This is the second in a series of guest posts in which Chris Smith will examine the evolutionary claims made in Nicholas Wade’s book A Troublesome Inheritance. You can read part I here. Chris is an Associate Professor of Evolutionary Ecology at Willamette University. He uses population genetic approaches to understand coevolution of plants and insects, and he teaches the interdisciplinary course “Race, Racism, and Human Genetics” with Emily Drew.
Last week at Nothing In Biology Makes Sense, I began critiquing Nick Wade’s latest book, A Troublesome Inheritance. The book has produced a firestorm of criticism, largely because it argues that evolution has produced significant cultural and behavior differences between races.
Wade makes many sweeping claims, among them: that natural selection has made the English inherently fiscally prudent and more likely to defer gratification by saving for tomorrow, that events early in the history of Judaism caused the Jews to evolve features predisposing them to careers in banking, and that genetic variation in certain neurochemicals has made Africans inherently more violent.

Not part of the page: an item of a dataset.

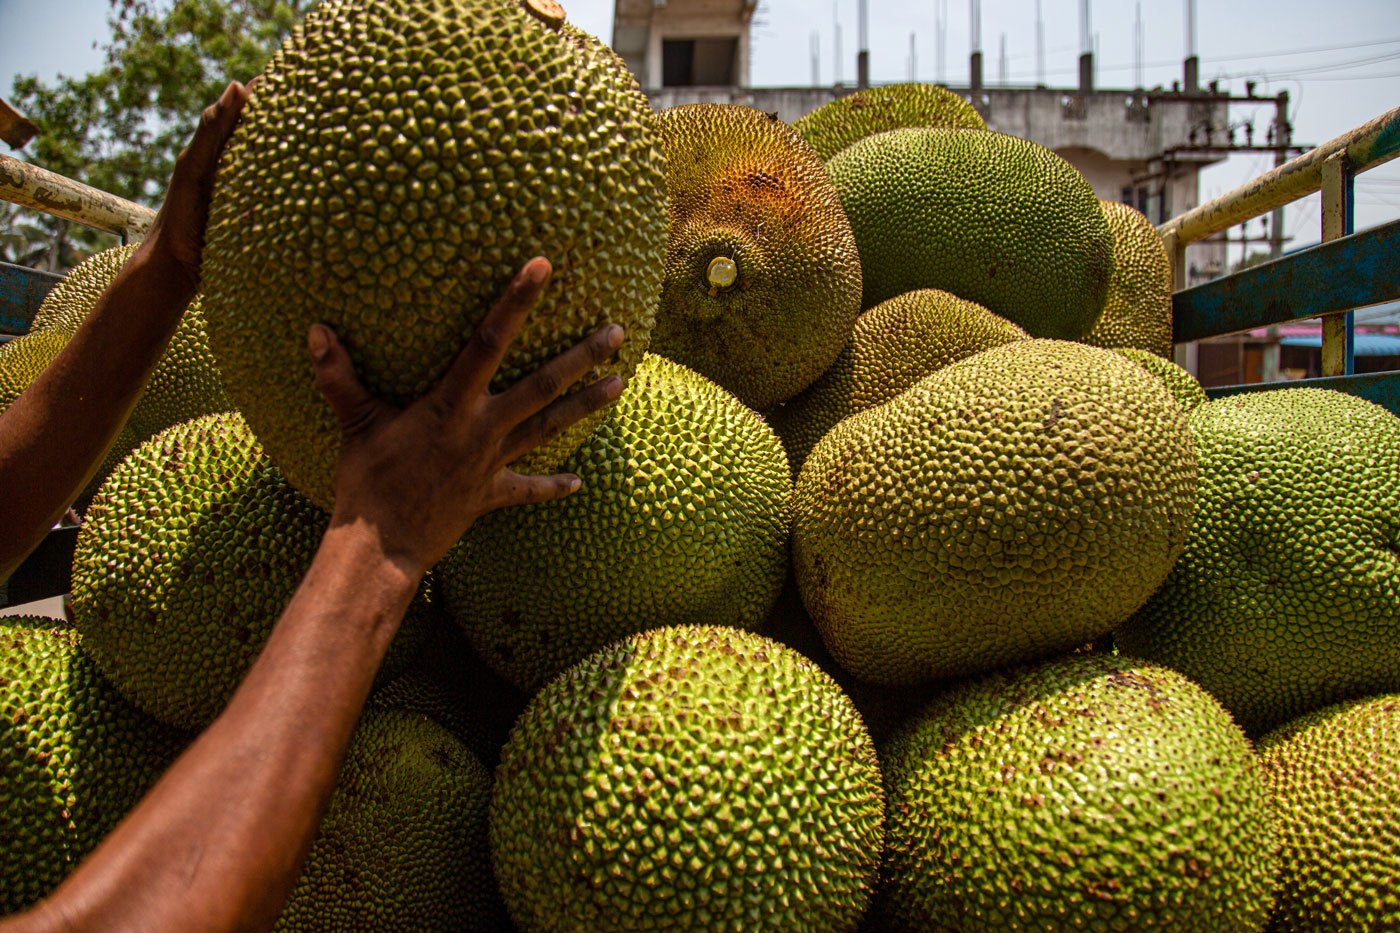 With their distinctive shape, smell and structure, jackfruits are a sight to behold but not very easy to fetch, carry and transport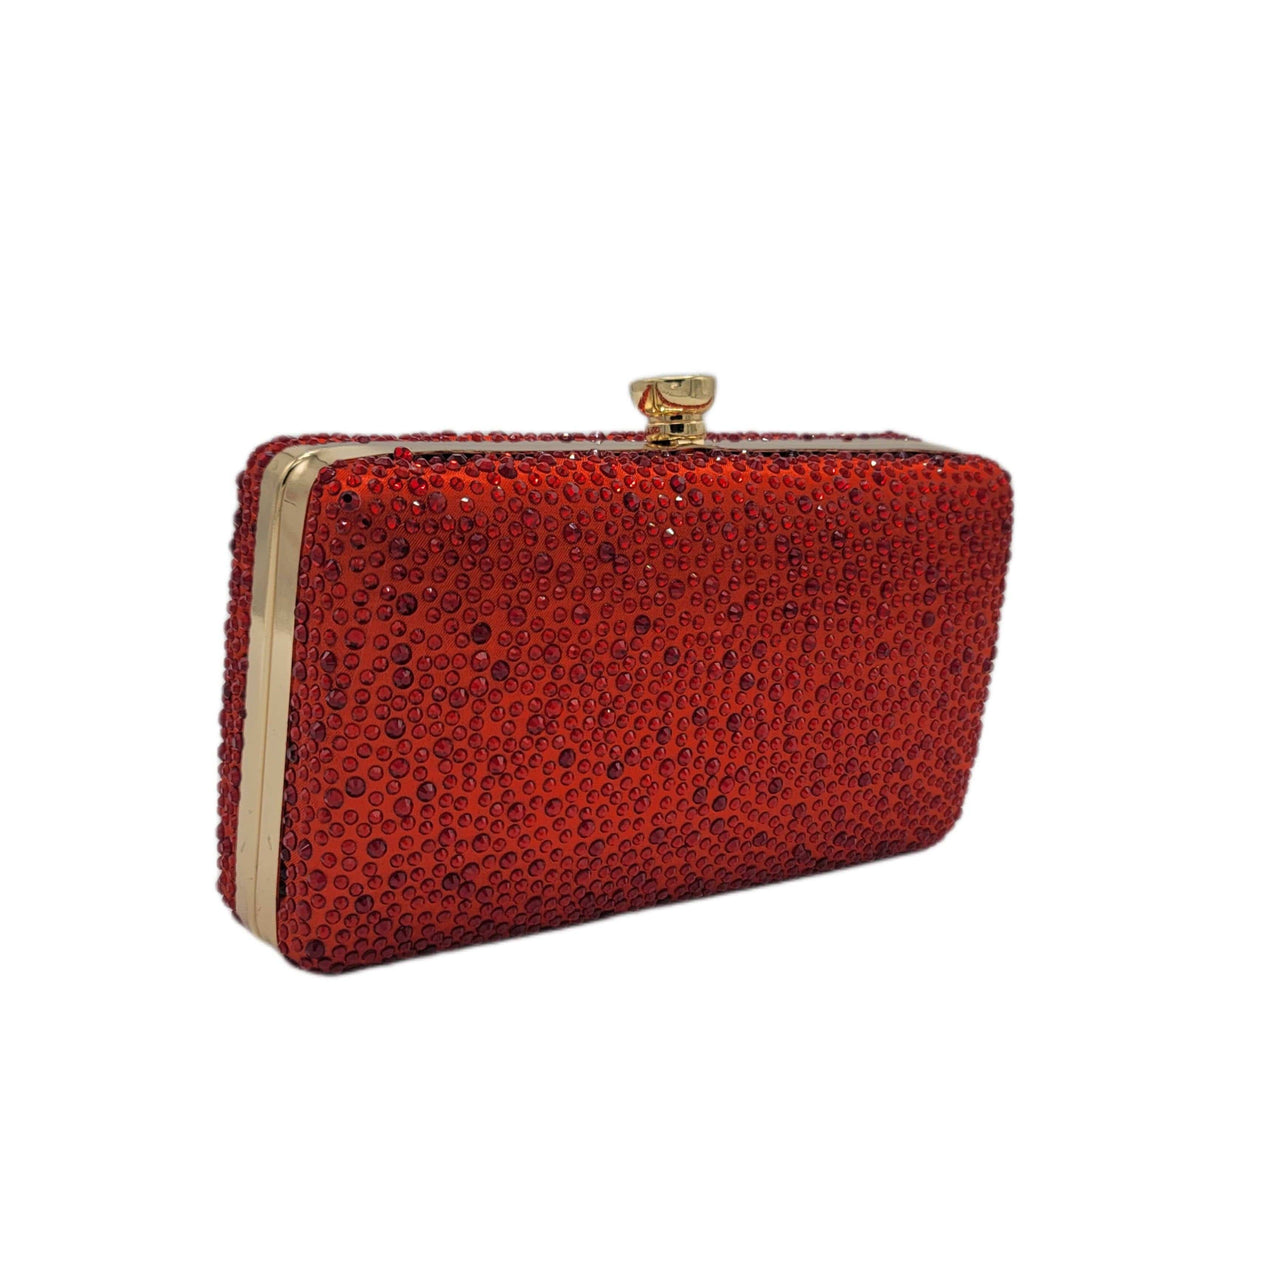 The Bag Couture Handbags, Wallets & Cases Stone Embellished Clutch 2 Red

Wade hangs these seemingly bizarre conclusions on the mantle of modern population genetics, which he claims confirms the existence of ‘three primary races,’ that have evolved real and significant cultural differences between them. By heavily referencing the scientific literature, Wade manages, as Mike Eisen put it, to “give the ideas that he presents… the authority of science… What separates Wade’s theories – in his own mind – from those of a garden variety racist is that they are undergirded by genetics.”